→ Data segment:

=== Begin Enclosure ===

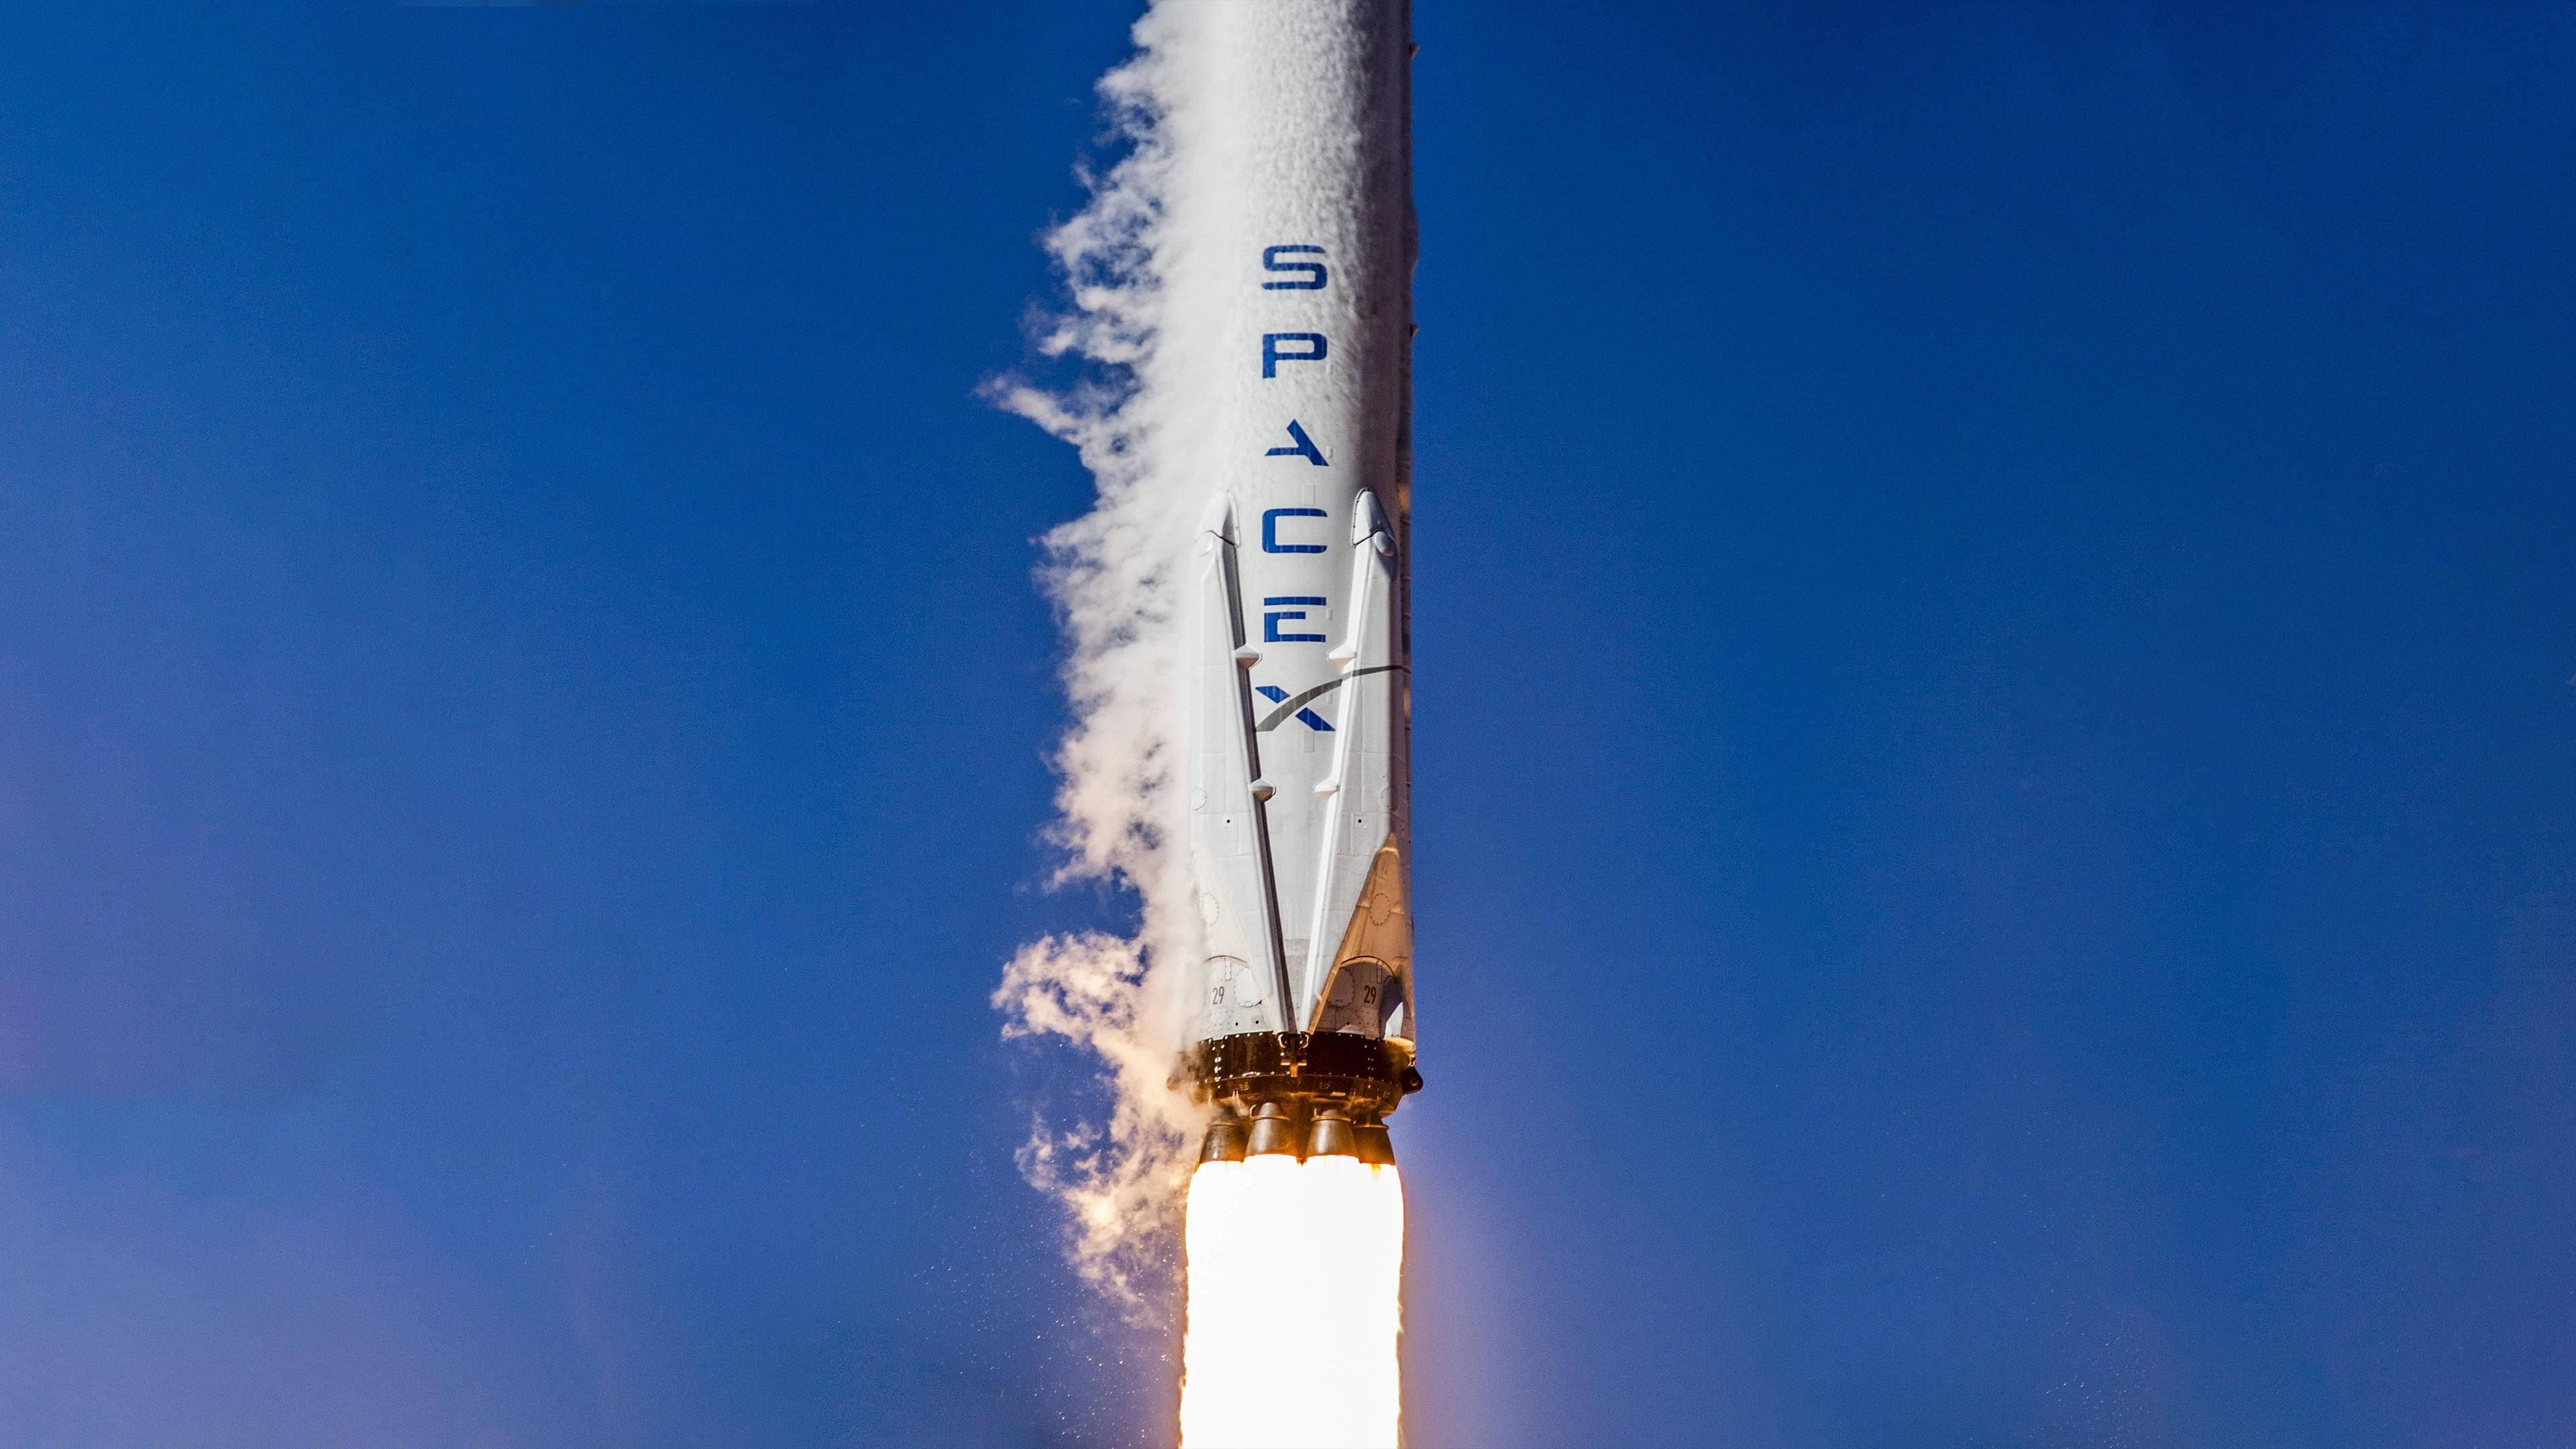 Download SpaceX Falcon 9 Take Off Wallpaper | Wallpapers.com
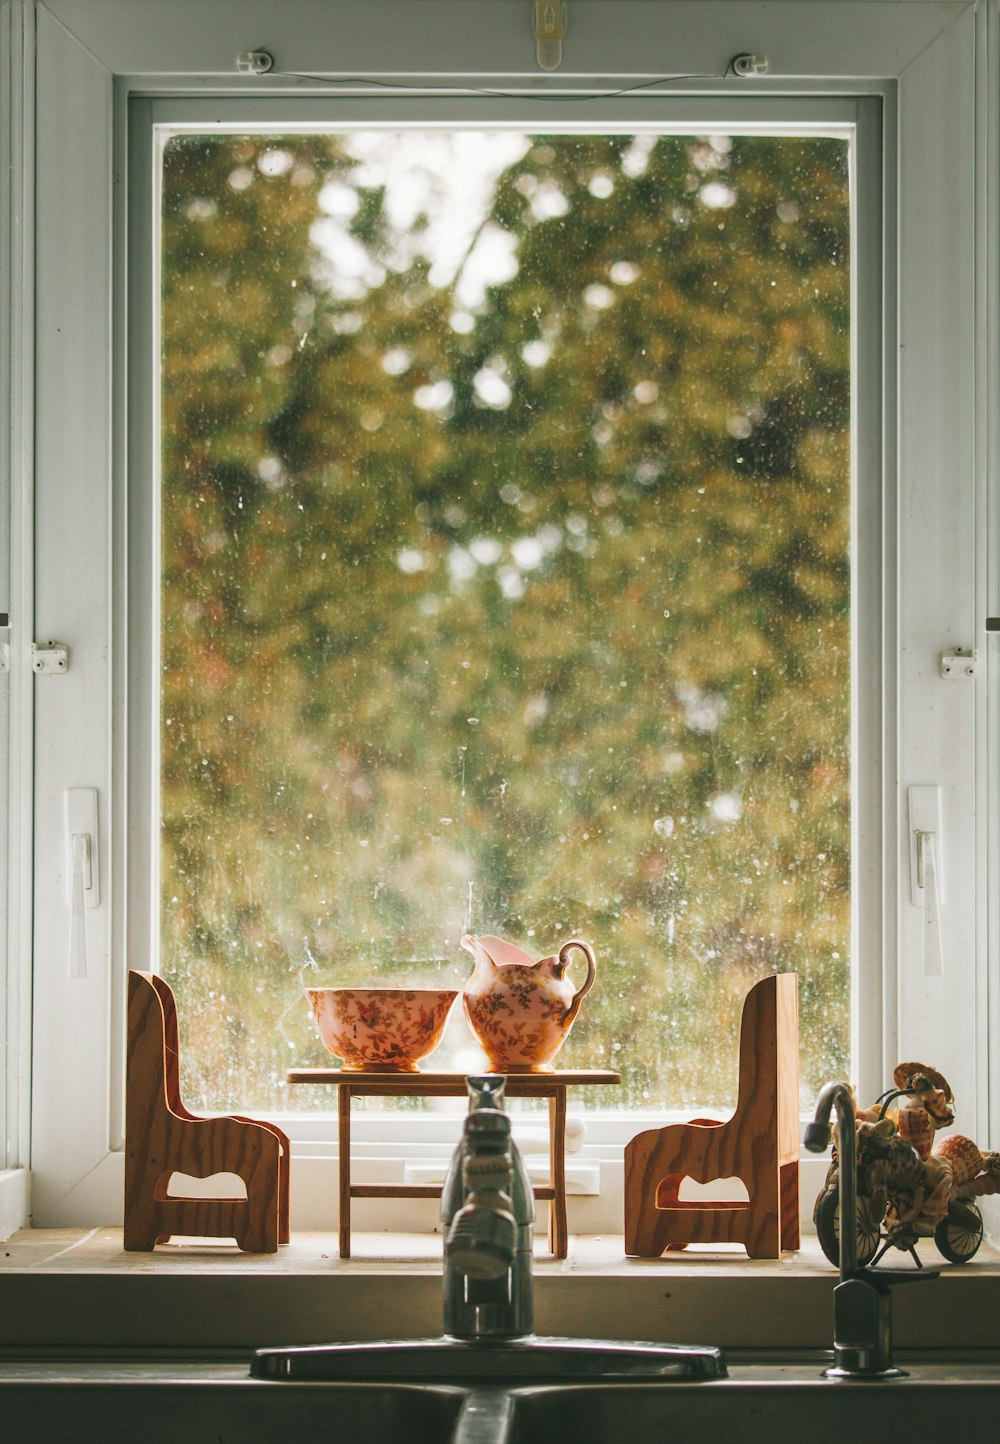 miniature chairs and table near window
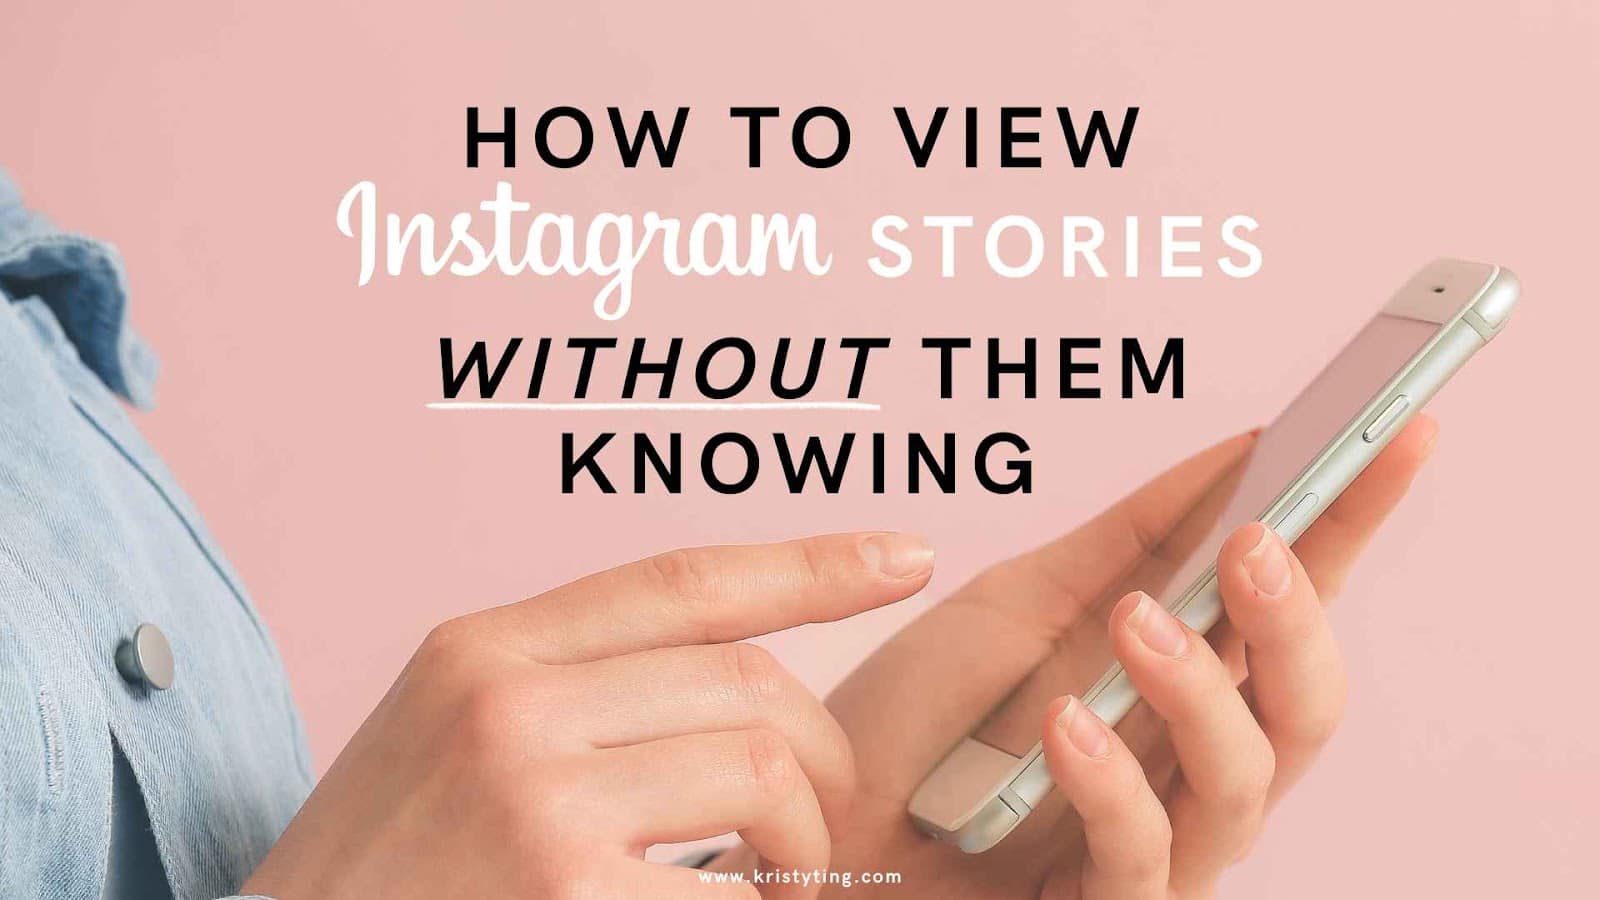 How to read Instagram stories without them knowing' is written over a picture of a hand holding a smartphone on a pink background.

=== End Enclosure ===

→ What you will do: Skipping all pictures, set the listing down exactly as written.

→ Answer section:
 Download SpaceX Falcon 9 Take Off Wallpaper | Wallpapers.com
 miniature chairs and table near window
 How to read Instagram stories without them knowing' is written over a picture of a hand holding a smartphone on a pink background.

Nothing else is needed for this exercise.